Positive-sum networks protect their most productive nodes. Each participant's success makes the next participant's success more likely. The math is structural:
| Principle | Evidence | Source | Implication |
|---|
| Network effects compound | Value scales at n² (possibly n³ for networks with sub-communities and group coordination) | Metcalfe's Law | Every new participant adds more value than the last — incentive to join accelerates |
| Cooperation wins in repeated interactions | Tit-for-Tat won both tournament rounds without beating any single opponent head-to-head | Robert Axelrod, repeated-game tournaments | Cooperators pull each other up while defectors drag each other down |
| The tipping point is ~25% | When a committed minority reaches 25%, the convention tips abruptly — not gradually | Damon Centola, Science (2018) | We do not need everyone. We need enough |
| Cooperative structures outlast extractive ones | 80% five-year survival vs 41% traditional; top 300 cooperatives generate $2.79T annually | USDA; World Cooperative Monitor | The structural advantage is nearly double — a proven model operating at planetary scale |
Network effects compound. If network value scales even at n-squared (Metcalfe's Law), every new participant adds more value than the last. Recent research suggests the relationship may be closer to n-cubed for networks with sub-communities and group coordination. The incentive to join accelerates. The incentive to defect shrinks.

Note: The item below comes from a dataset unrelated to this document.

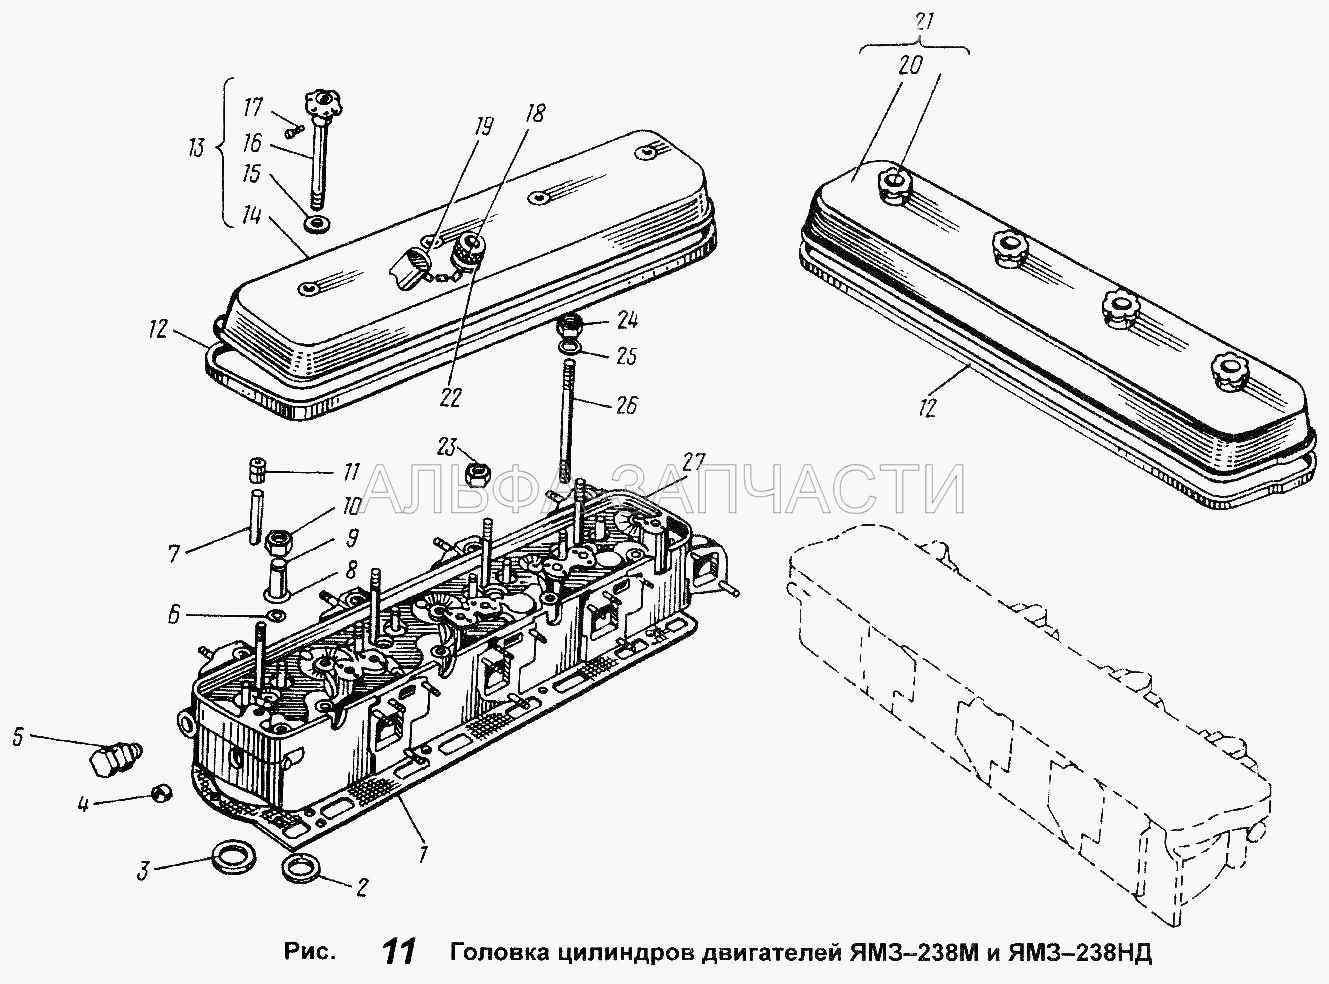 Головка цилиндров двигателей ЯМЗ-238М и ЯМЗ-238НД (238-1003270 Прокладка крышки головки цилиндров)

Cooperation wins in repeated interactions. Robert Axelrod's tournaments proved it. Tit-for-Tat — cooperate first, then mirror — won both rounds. It never beat a single opponent in a head-to-head match. It won the tournament because cooperators pull each other up while defectors drag each other down.
The tipping point is 25%. Damon Centola's research found that when a committed minority reaches approximately 25%, the convention tips — not gradually, but abruptly. Below that threshold, the minority is visible but dismissible. Above it, the new norm becomes the default.
Cooperative structures outlast extractive ones. Cooperatives survive at 80% over five years versus 41% for traditional businesses. Employee-owned companies outperform the S&P 500. The world's 300 largest cooperatives generate $2.79 trillion in combined annual turnover.
The transition from zero-sum to positive-sum is itself positive-sum. Each adoption makes the next one easier. We are documenting this shift — and building the structures that accelerate it.